F. Metode Penelitian 1.

  Jenis Penelitian Penelitian yang digunakan oleh peneliti yaitu library research, penelitian tersebut dengan mungumpulkan data-data yang berhubungan dengan objek penelitian, bahwa Jenis penelitian yang dilakukan menggunakan metode library research. Dengan mengumpulkan data-data yang diperlukan, baik yang primer maupun yang skunder, dicari dari sumber-sumber kepustakaan (seperti buku, majalah, artikel dan jurnal) )kuswaya, 2009: 11).

2. Pendekatan

  Untuk melakukan penelitian ini, peneliti menggunakan metode tematik, tafsir tematik yaitu sebuah penelitian paada tema tertentu untuk dikaji. Langkah-langkah atau cara kerja metode tafsir m awdhu‟iy ini dapat dirinci sebagai berikut: a.

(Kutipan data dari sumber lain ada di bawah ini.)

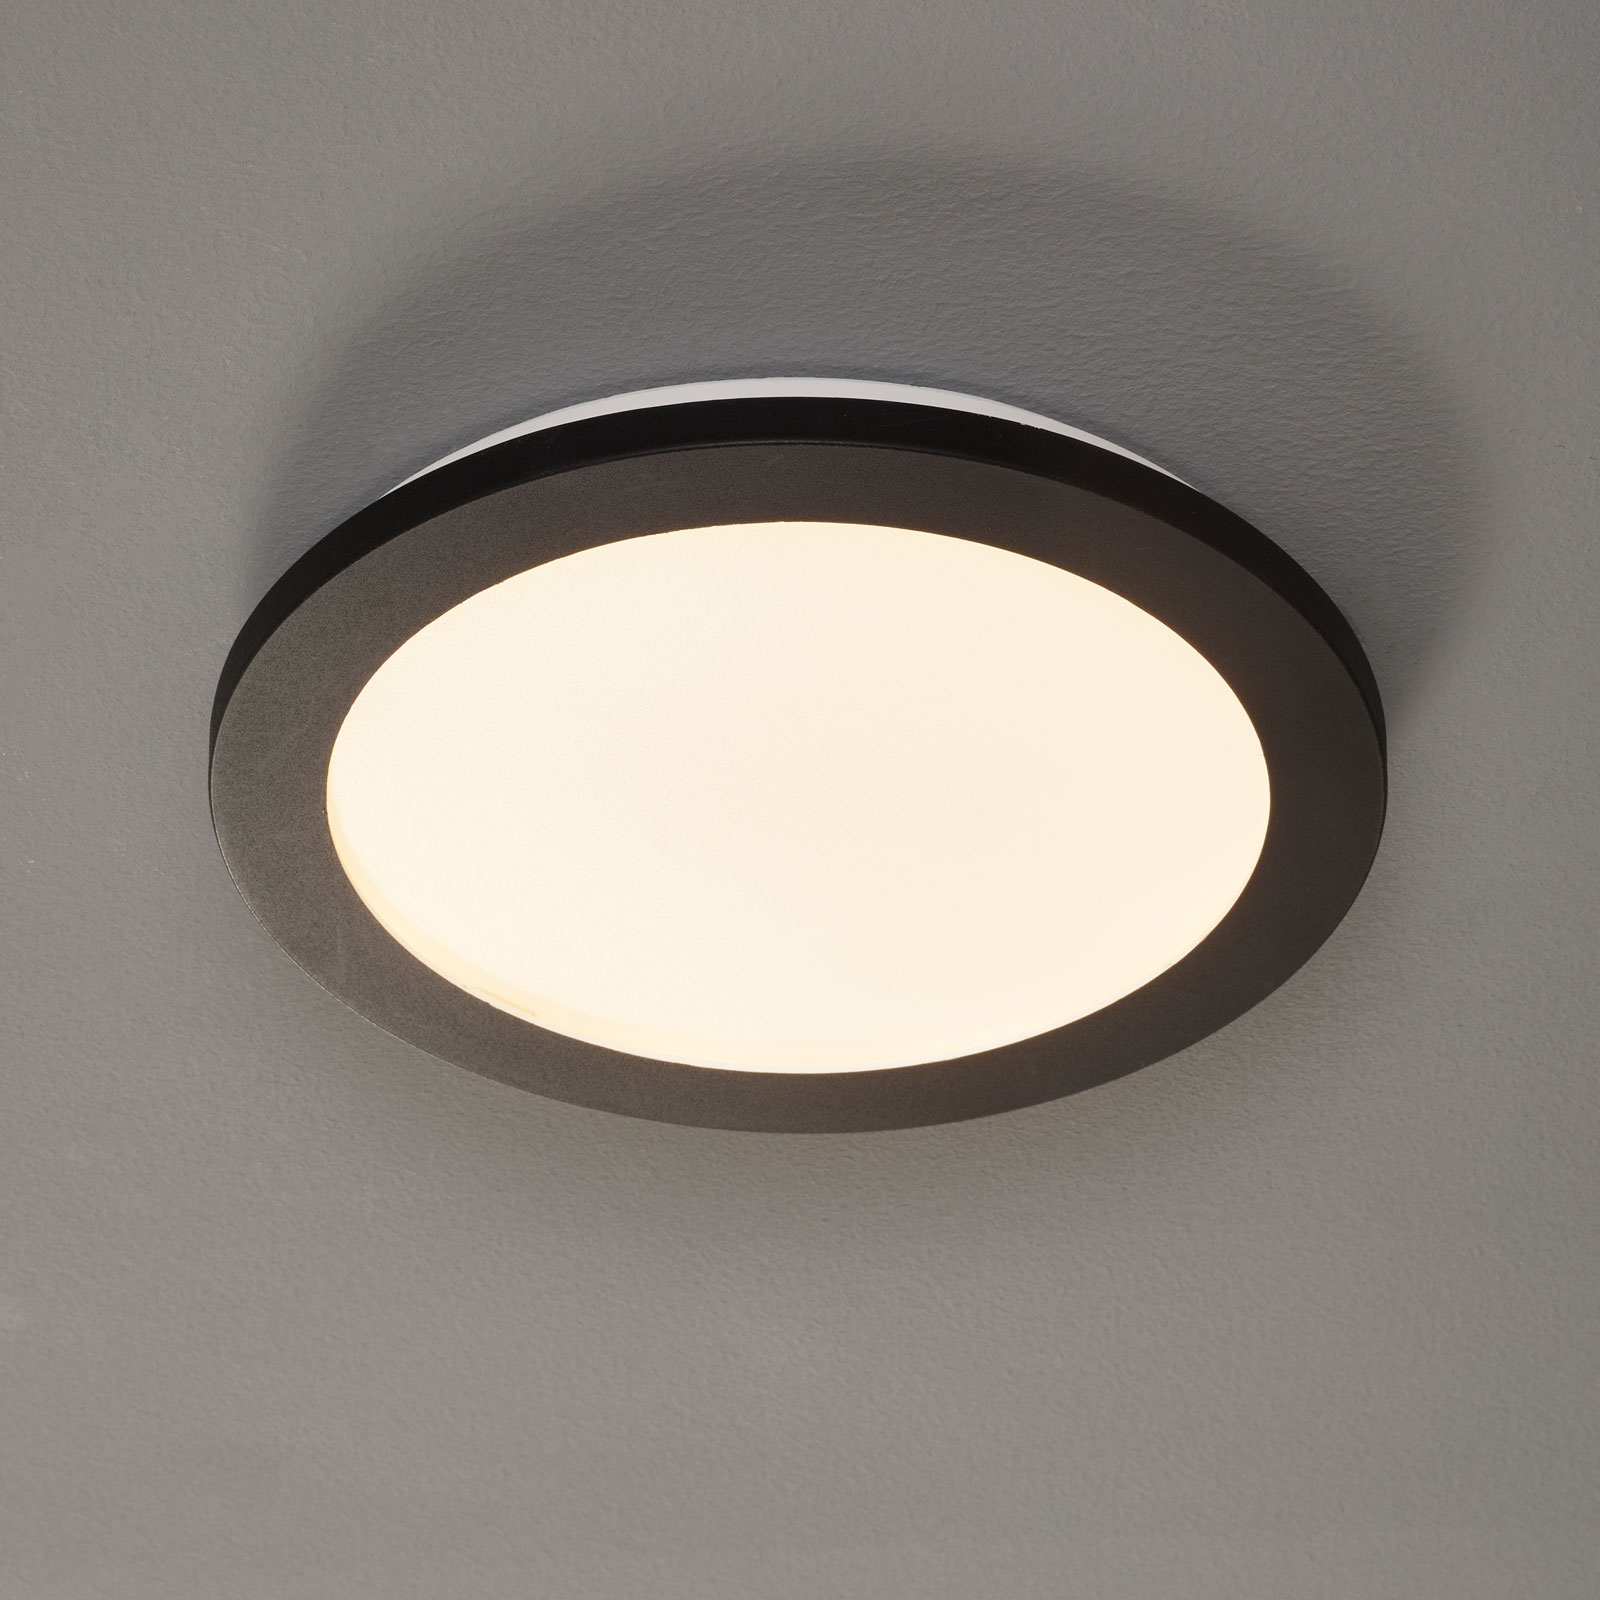 Lampa sufitowa LED Camillus, okrągła, Ø 26 cm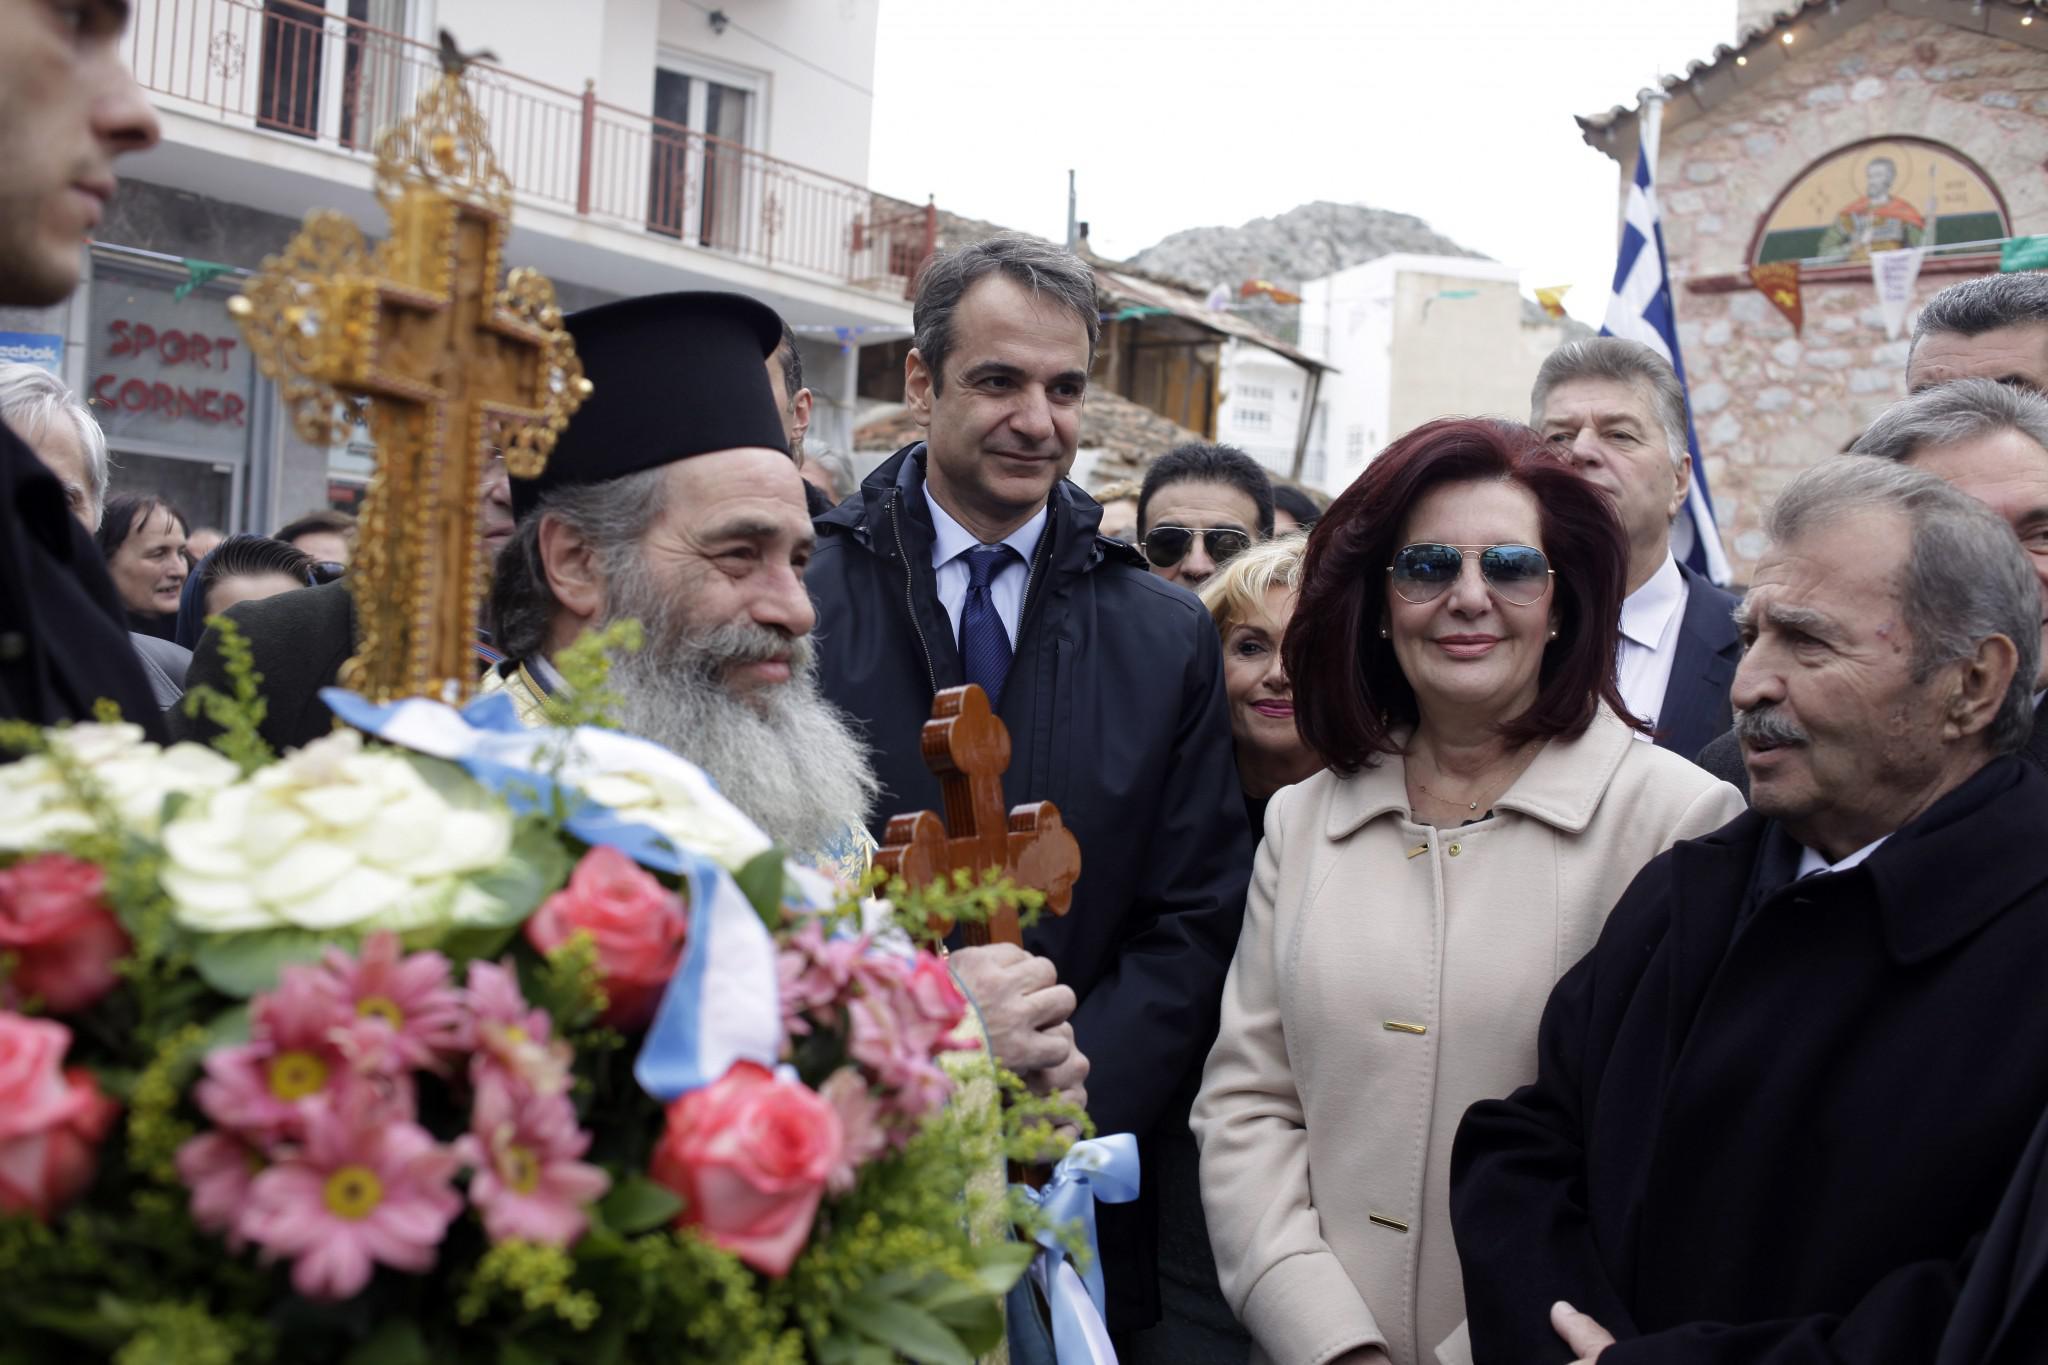 mitsotakis7-500 Μητσοτάκης: Είναι άμεση η ανάγκη για ενότητα [εικόνες]

  Memilih atau menetapkan masalah al-Qur‟an yang akan dikaji secara mawdhu‟iy (tematik).

  b.

  Melacak dan menghimpun ayat-ayat yang berkaitan dengan masalah telah ditetapkan, ayat Makiyyah dan Madaniyyah.

  c.

  Menyusun ayat-ayat tersebut secara runtut menurut kronologi masa turunnya, disertai pengetahuan menegenai latar belakang turunnya ayat atau asbab al-nuzul d.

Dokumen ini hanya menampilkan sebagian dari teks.